Personal information
- Full name: Kevin Stanley Curran
- Born: 19 December 1920 Traralgon, Victoria
- Died: 20 April 1978 (aged 57) Fitzroy, Victoria
- Original team: Traralgon
- Debut: Round 7, 1940, Hawthorn vs. Fitzroy, at Brunswick Street
- Height: 183 cm (6 ft 0 in)
- Weight: 87 kg (192 lb)

Playing career^{1}
- Years: Club / Games (Goals)
- 1940, 1946–51: Hawthorn / 85 (9)
- ^{1} Playing statistics correct to the end of 1951.

Career highlights
- Hawthorn best and fairest: 1948; Hawthorn captain: 1950–1951;

= Kevin Curran (footballer, born 1920) =

Australian rules footballer (1920–1978)

Kevin Stanley Curran (19 December 1920 - 20 April 1978) was an Australian rules footballer who played for Hawthorn in the VFL during the 1940s.

==Early life==
The sixth of nine children born to John Curran (1889–1966) and Julia Eugenie Parke (1888–1959), Kevin Stanley Curran was born at Traralgon on 19 December 1920.

==Football==
Curran was recruited to Hawthorn from Traralgon and played his first game with Hawthorn reserves on 1 June.
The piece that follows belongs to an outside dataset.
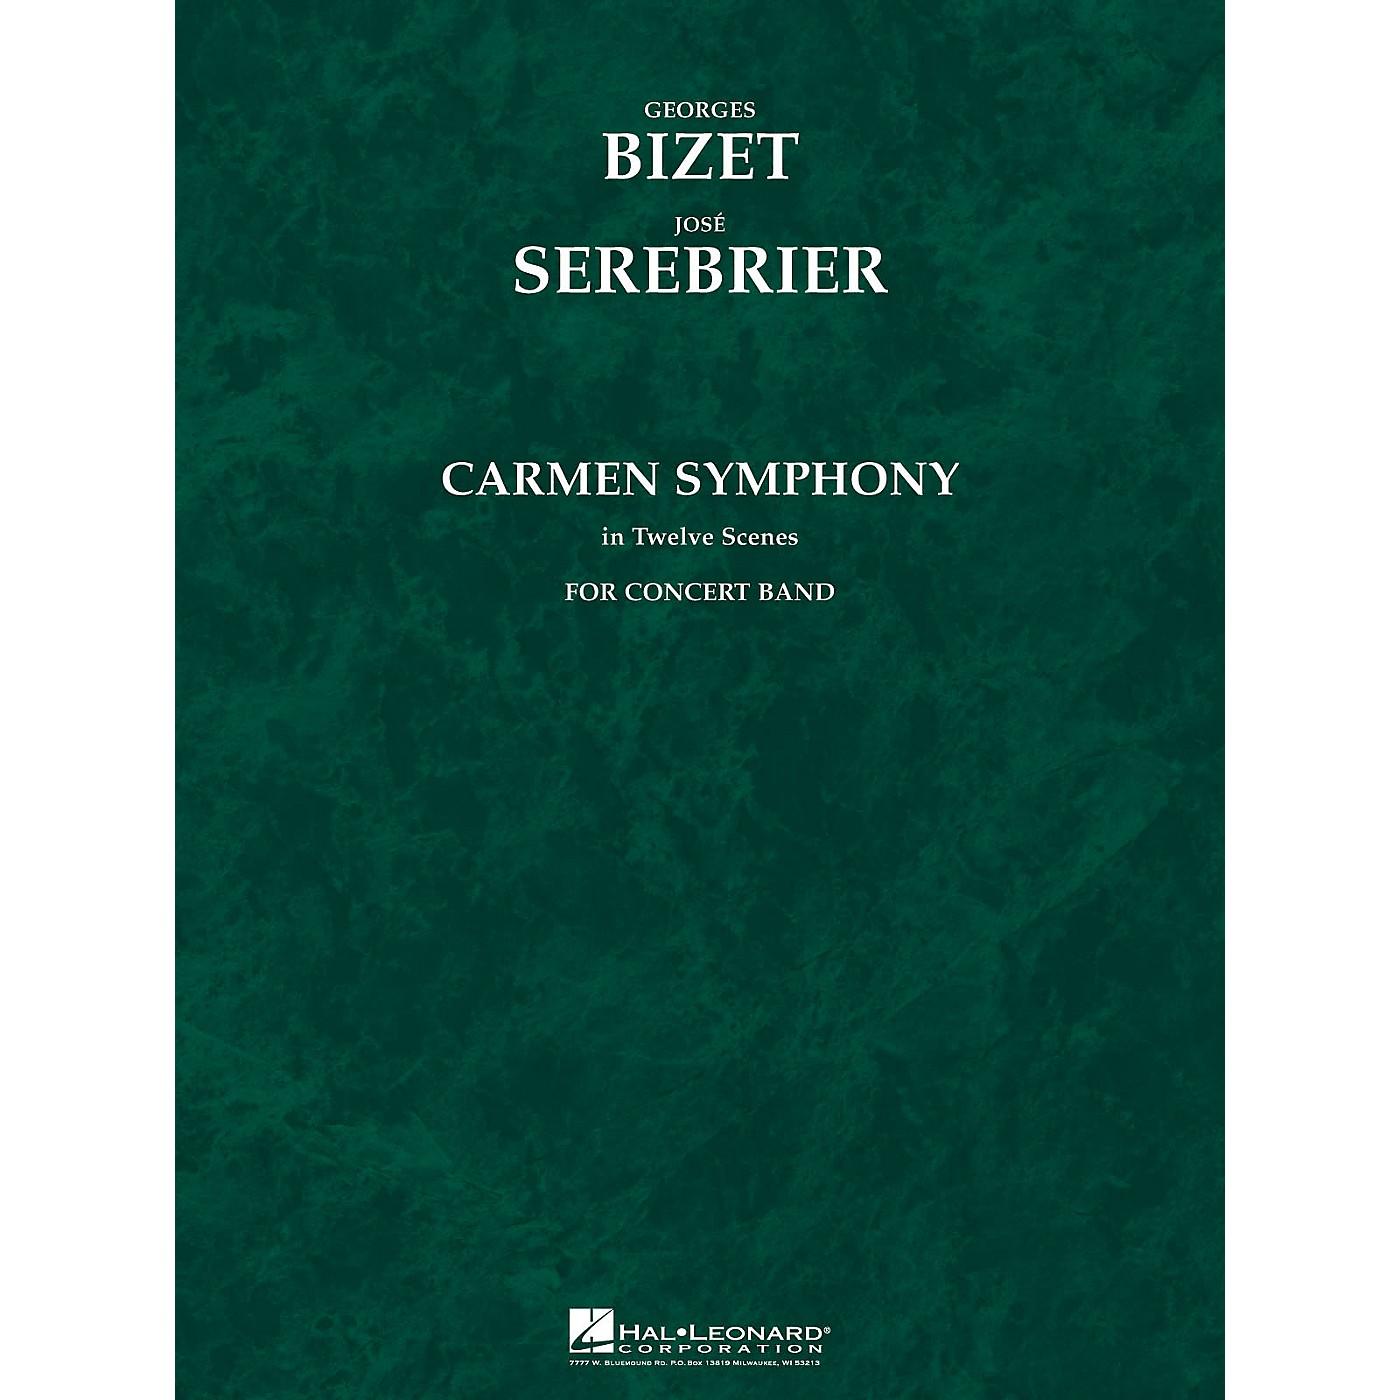 Hal Leonard Carmen Symphony (Score and Parts) Concert Band Level 5 Arranged by Jose Serebrier thumbnail

The next week he made his senior debut in a game against Fitzroy but late in the game he injured his shoulder and had to be replaced by the 19th man. Shortly after this Curran enlisted to serve in the Australian Army.
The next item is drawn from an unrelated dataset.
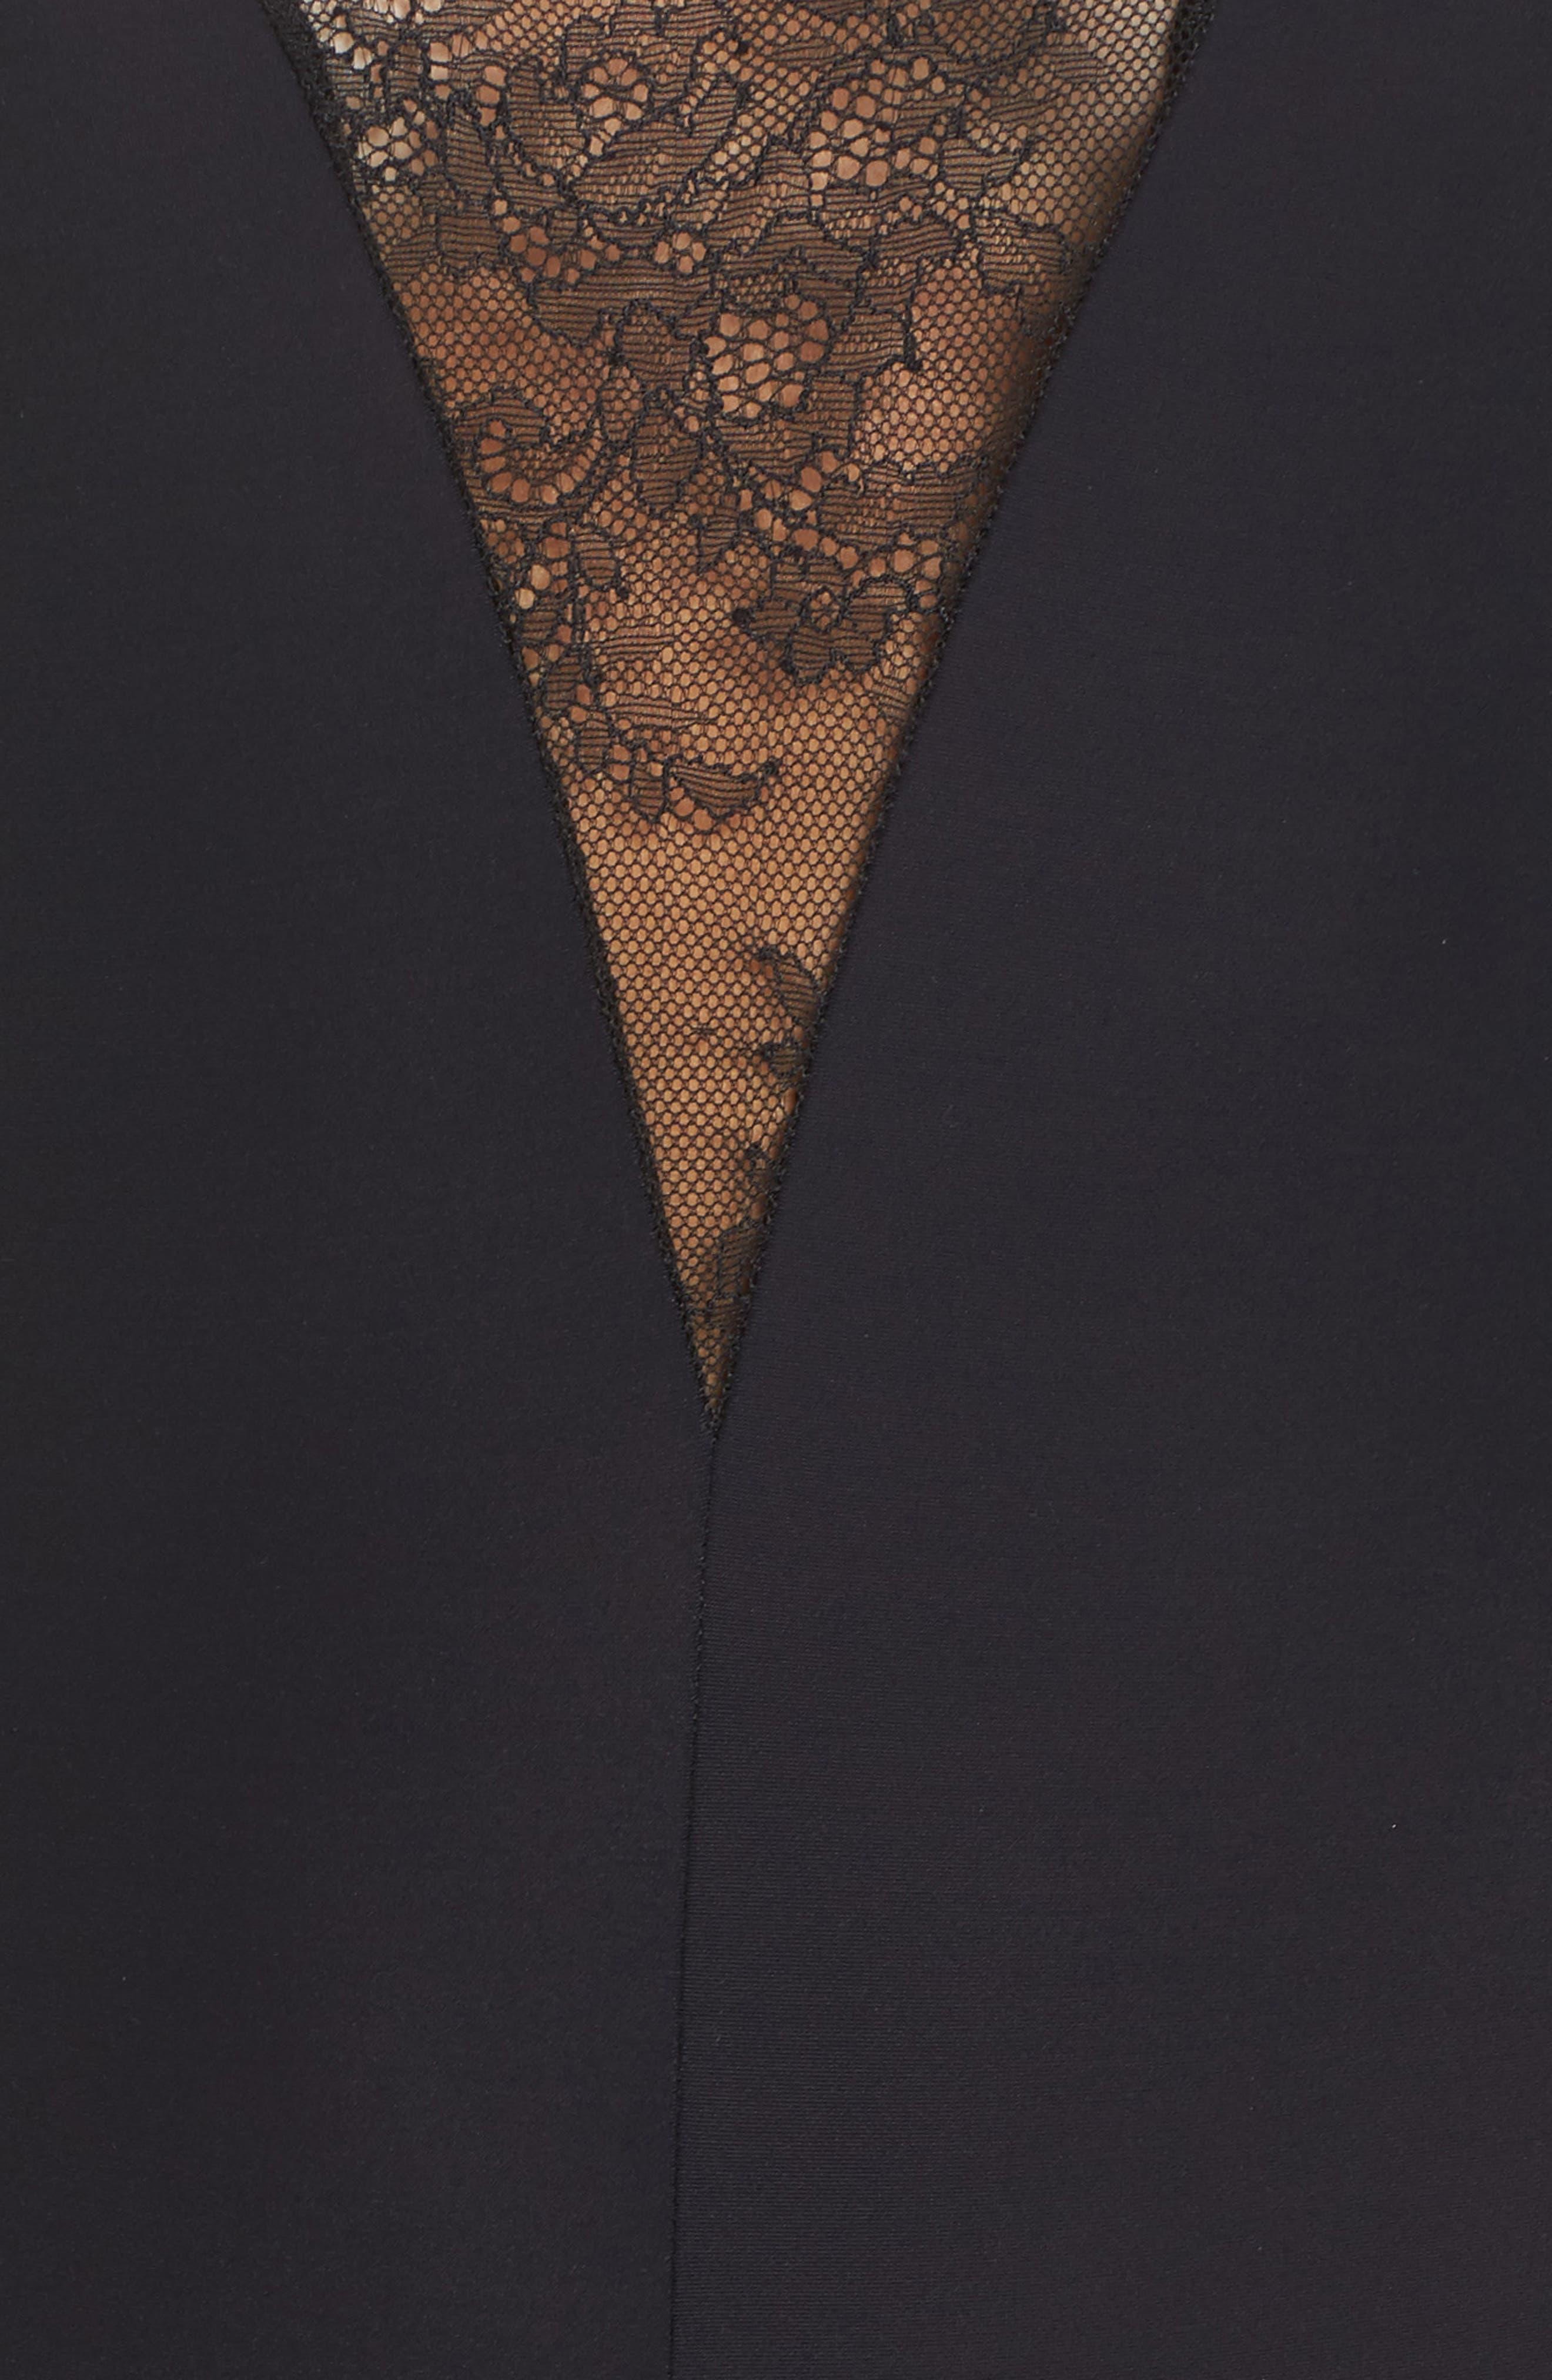 Odette Bodysuit,                             Alternate thumbnail 6, color,                             Black

In 1946 Curran made a return to Hawthorn and the following season represented Victoria at the Hobart Carnival, the first of 9 interstate appearances during his career. He won Hawthorn's best and fairest award in 1948, also winning the Simpson Medal for his performance against West Australian in an interstate game.

Bob McCaskill replaced Alec Albiston as Hawthorn coach at the start of 1950. Albiston was told by a committeeman that he would be appointed captain. But McCaskill wanted a more physical leader, and Curran was selected by the Hawthorn leadership committee. Albiston was stunned by the appointment and a split occurred at the club. Albiston and Col Austen, the reigning Brownlow Medallist, were given open clearances and left the club.

Curran got reported in the third match of the season, getting a four-match suspension. His return was against Richmond, Colin Austen’s new club, and during the final quarter Curran charged into Austen well after he had disposed of the ball. He was suspended for another four matches.

He resigned as captain after two seasons, he accepted an offer to captain-coach the Sandhurst Football Club in Bendigo at the beginning of 1952. He won the Bendigo league’s best and fairest (Michelsen Medal) in his first season.

==War service==
Curran enlisted in the Australian Army on 23 July 1940. He served in the 2/2nd Commando Squadron (Australia) in East Timor, New Britain and New Guinea, being Mentioned in Despatches for exceptional service in the field in the South West Pacific–in one incident killing five Japanese soldiers with his bayonet when his unit had been cut off from other Allied forces. He had been promoted to Lieutenant by the time he finished his service in 1945.

==Later life==
Curran subsequently became a publican and ran the Fleece Inn Hotel in Bendigo. He helped recruit local Bendigo boys Graham Arthur, Brendan Edwards and Des Dickson to Hawthorn. Curran himself signed Edwards after two officials made the mistake of calling in at Curran’s hotel and asking for direction to Edward's place, Curran gave them bad directions then he rushed off and signed Edwards to Hawthorn.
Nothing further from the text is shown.